Newer anticoagulants

Anticoagulation continues to be an evolving field. Although warfarin is the mainstay therapy, many other newer anticoagulants have been developed with intent to decrease risk of bleeding. Three trials comparing novel anticoagulants to warfarin include the RE-LY (Randomized Evaluation of Long-Term Anticoagulation Therapy), ROCKET-AF, and ARISTOTLE trials, comparing dabigatran, rivaroxaban, and apixaban, respectively.5,9,56,57 The RE-LY trial showed that dabigatran was noninferior to warfarin and that the 110 mg dosing was associated with fewer bleeding events.10 The ROCKET-AF trial showed no significant difference in bleeding incidents, yet there were fewer fatal and intracranial bleeds in patients on rivaroxaban.5 Apixaban was found to be superior to warfarin in decreasing bleeding risk in the ARISTOTLE trial.56,57 Dabigatran, rivaroxaban, and apixaban are all currently approved for prevention of thromboembolic events in atrial fibrillation, while rivaroxaban is the only medication with an additional indication for venous thrombosis and pulmonary embolism.57 Most of the data on the newer anticoagulants come from cohorts of patients with atrial fibrillation with few comorbidities, yet one of the key components to the success of future anticoagulants is the ability to decrease bleeding risk, further emphasizing this concern.

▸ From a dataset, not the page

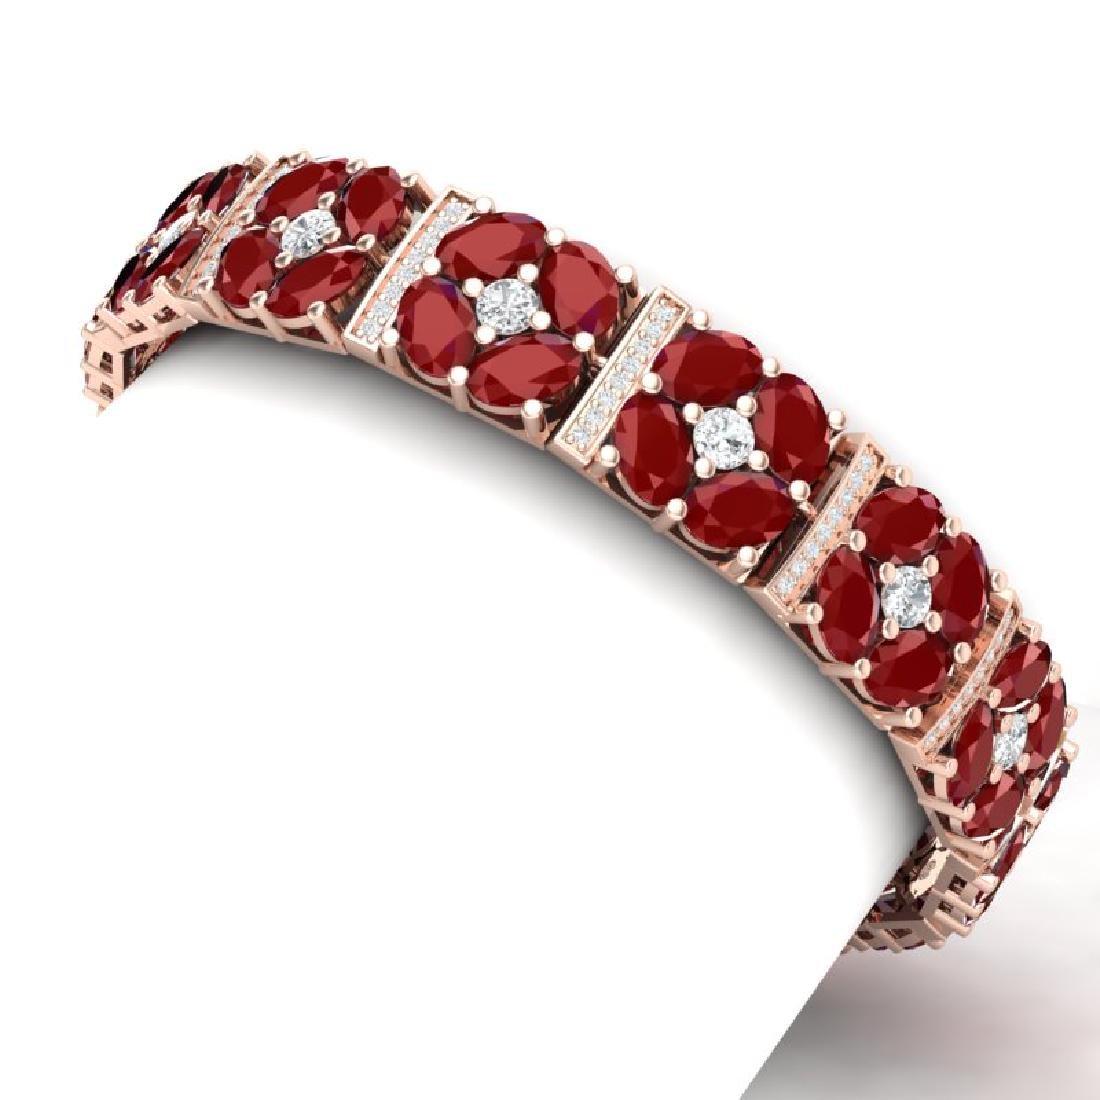 48.04 CTW Royalty Ruby & VS Diamond Bracelet 18K Rose - 2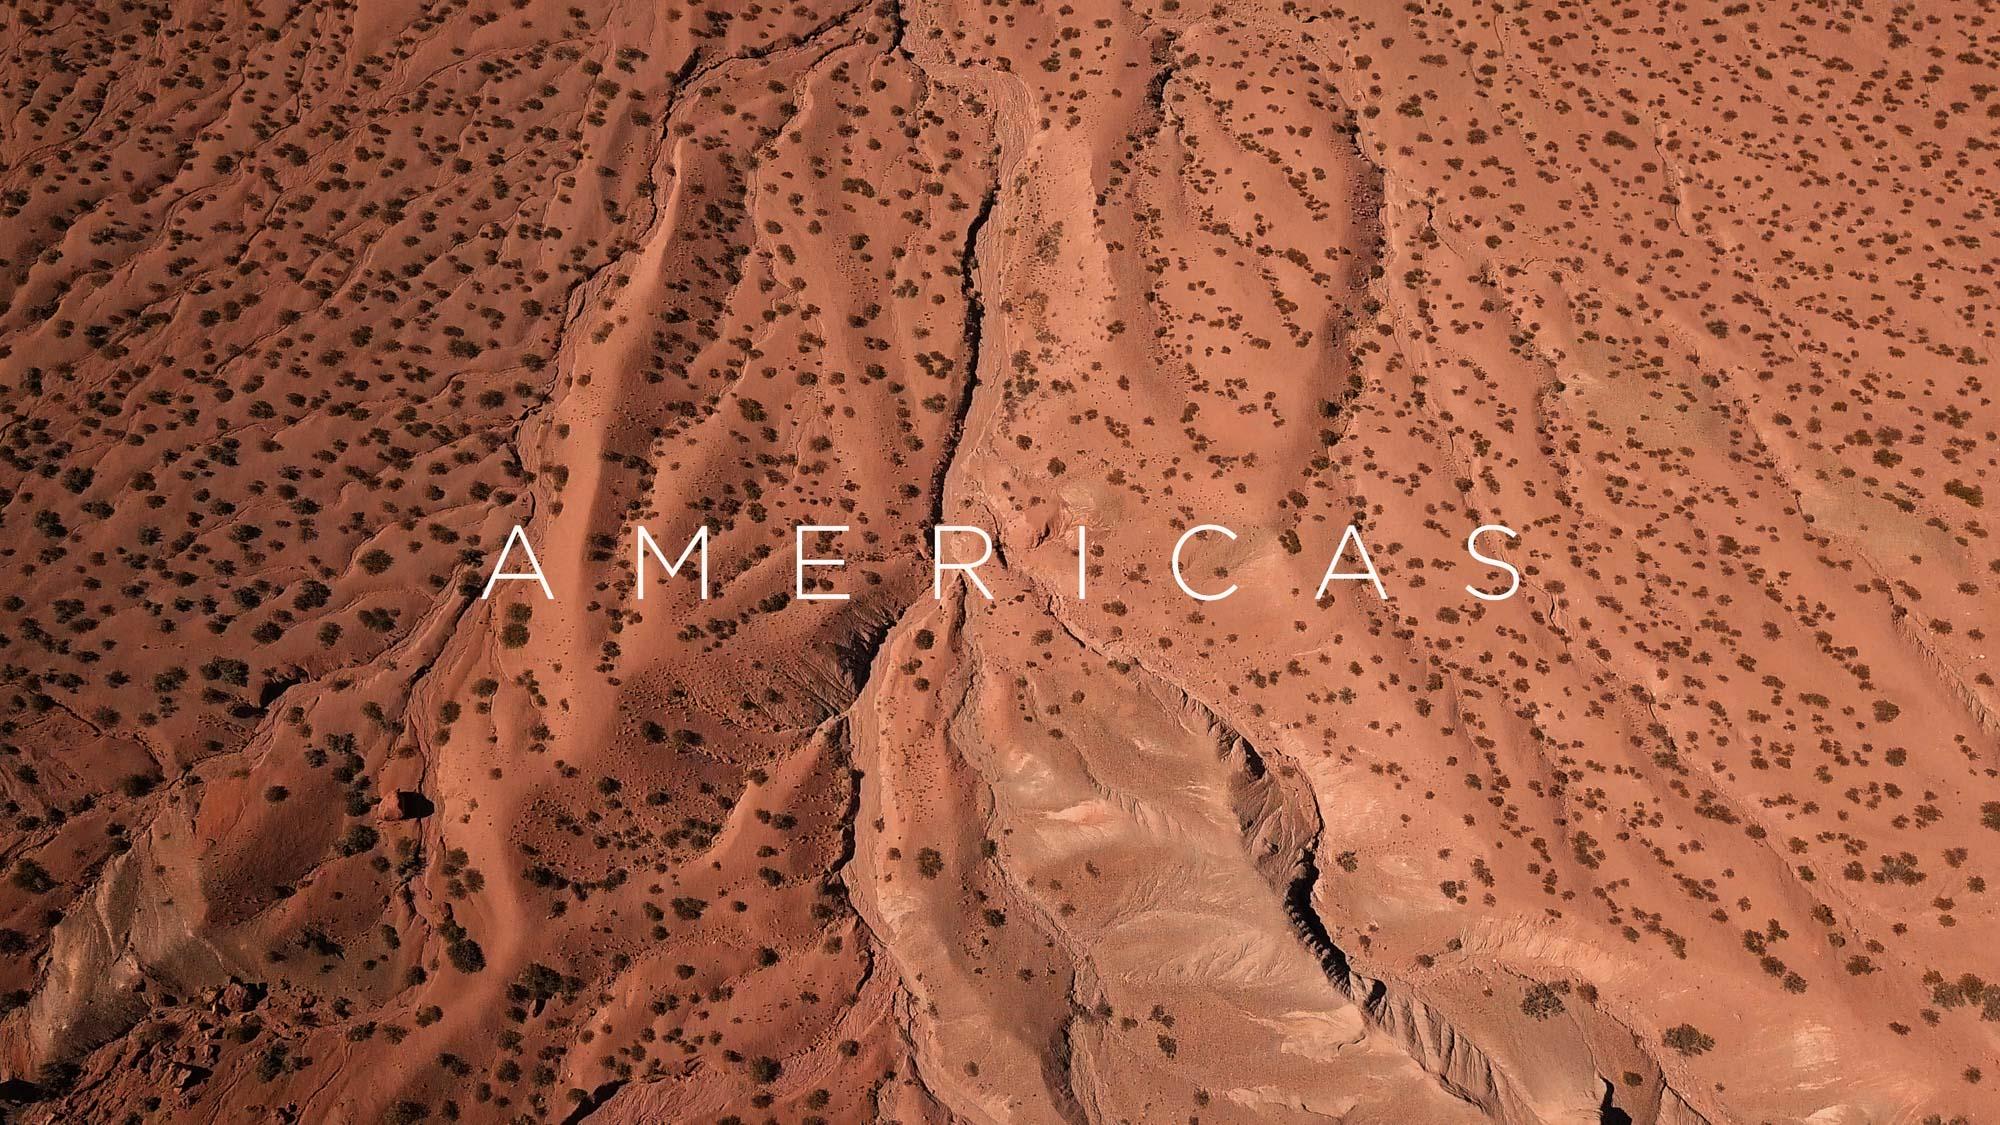 Alec Wren - Americas

Although these newer anticoagulants have been introduced, warfarin will continue to be used and likely the mainstay therapy. Antidotes have not been developed in cases of bleeding, and the cost of the newer drugs can be significantly higher than the cost of warfarin. Studies have evaluated a cost benefit analysis using dabigatran based on results from the RE-LY trial. Dabigatran was shown to be more cost-effective in populations at high risk of hemorrhage or high risk of stroke unless INR control was excellent. Otherwise, warfarin was more cost-effective in moderate-risk populations.58 Similar studies report that the other novel anticoagulants are cost-effective alternates to warfarin, depending on medication pricing and patient predisposition to neurological events.59 Studies assessing the newer anticoagulants have not included patients with renal or hepatic dysfunction. As well, indications of newer anticoagulants are not as diverse as are those for warfarin, including prevention of thromboembolic disease in atrial fibrillation, venous thromboembolism, pulmonary embolism, and prosthetic valves.5,56,57

Conclusion

Warfarin therapy is an important medication in the prevention of thrombosis and thromboembolism. Although it is very efficacious, warfarin carries the risk of bleeding. It is important to understand which factors can attribute to this bleeding risk and make an effort to lessen its effects. Each patient should be assessed individually prior to starting warfarin therapy, and therapy should be personalized to that particular patient, with emphasis on monitoring and patient education. Although a bleeding risk will always remain, careful monitoring of the patients can dramatically reduce this risk.